If you search for "flash" in the IDE code you will find cryptic comments
about flash drives not properly implementing standards.

Good luck!
Michael

2003-11-24 11:07:49

by Karl Pitrich

[permalink] [raw]
Subject: Re: New model of SanDisk compact flash not working

On Mon, 2003-11-24 at 09:32, gmlinux wrote:

> I also get the following boot messages, which were not present on the
> old model:
> hdc: task_no_data_intr: status=0x51 { DriveReady SeekComplete Error }
> hdc: task_no_data_intr: error=0x04 { DriveStatusError }

try building a kernel with CONFIG_IDEDISK_MULTI_MODE
and use 'hda=noprobe' on the kernel command line.

/ karl

2003-11-25 09:41:38

by gmlinux

[permalink] [raw]
Subject: RE: New model of SanDisk compact flash not working

I seem to have sorted out the problem.

It was definately a dma problem causing the hang, confirmed by Peter
Missel, thanks Peter. See the quote below:
"DMA not being part of the CF standard yet, SanDisk and IBM are a bit
ahead
of the game. The problem you're running into is that the vast majority
of
CF-IDE adapters do not connect the DMA request and grant signals. Hence,
the
system BIOS and OS drivers see a DMA capable drive on a DMA capable IDE
channel, and set things up to use DMA. Instant hang - you know that
already."

It seems the adaptor is missing a few hardware lines, confirmed on my
side.
I can get the drive up with an "ide=nodma".

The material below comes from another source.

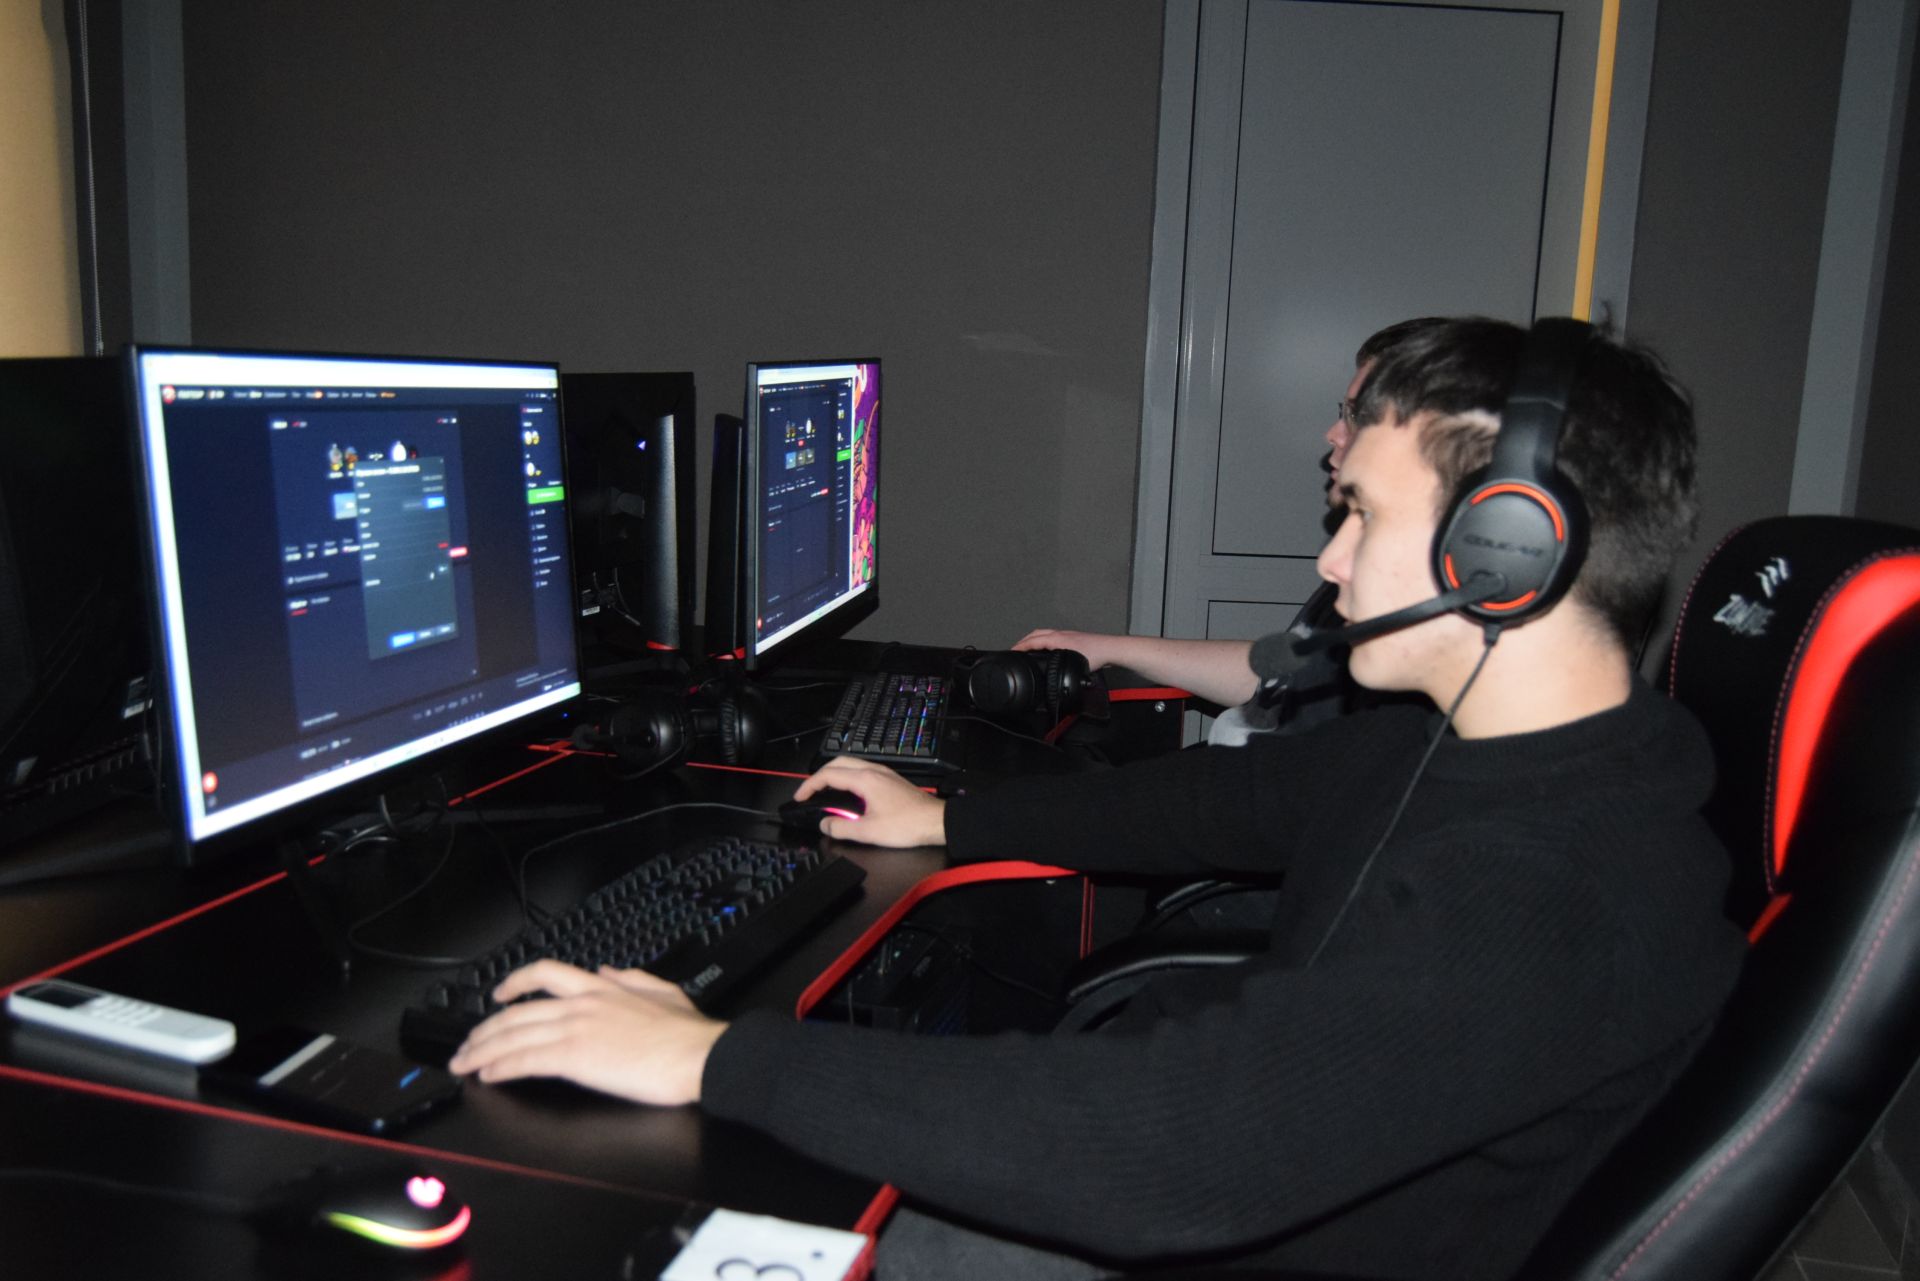 В ПМК “Атлант” прошел Кибер-турнир по CS:GO, посвященный Дню студента
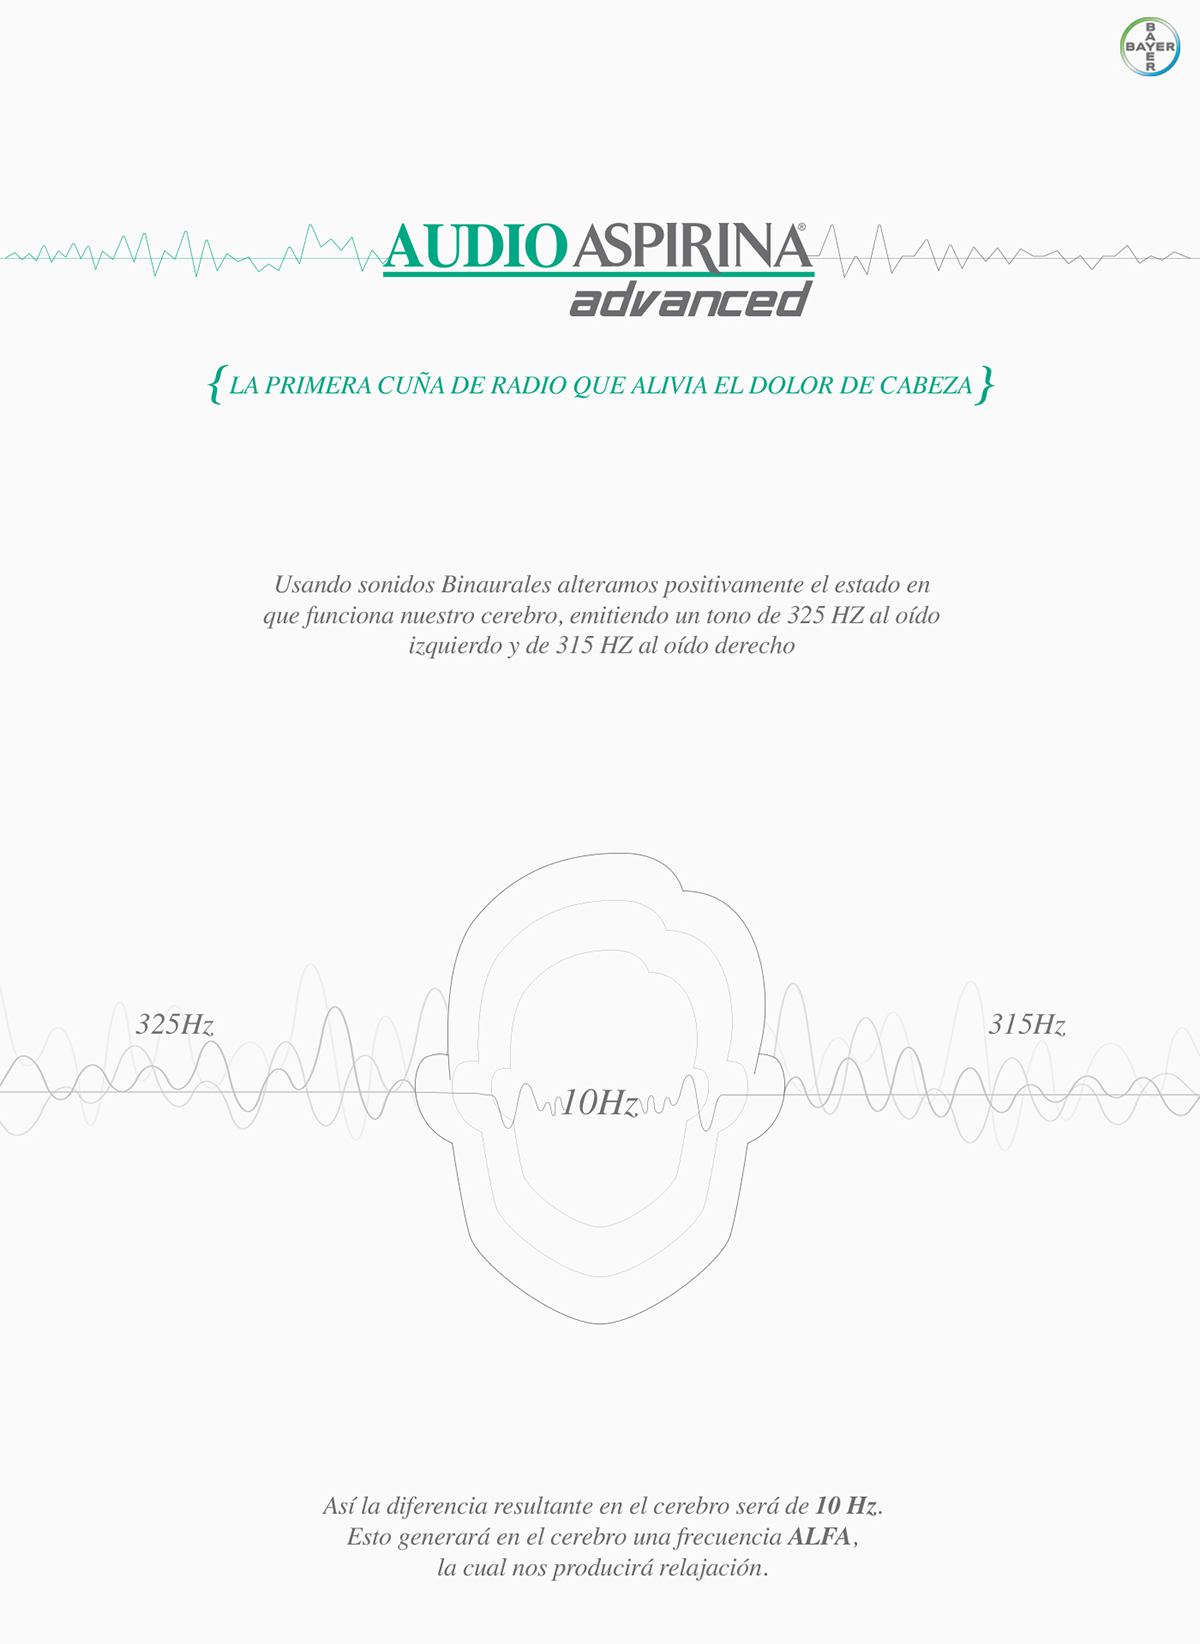 Bayer Audio Aspirina Dolor de cabeza headache cabeza aspirina Aspirina Advanced cuña cuña de raio radio ads Aspirina radio Aspirina cuña Bayer cuñas Headache ad

The drive is still unusable, unable to read or write from it. However,
if I "dd" an image from the previous version of drive, in otherwords
creating the partition and filesystem etc, the drive seems to work okay.
Maybe the default filesystem that comes on the drive was causing some
issues.

Other than that I think we will just have to wait for the hardware
adaptor to catch up with the flash technology.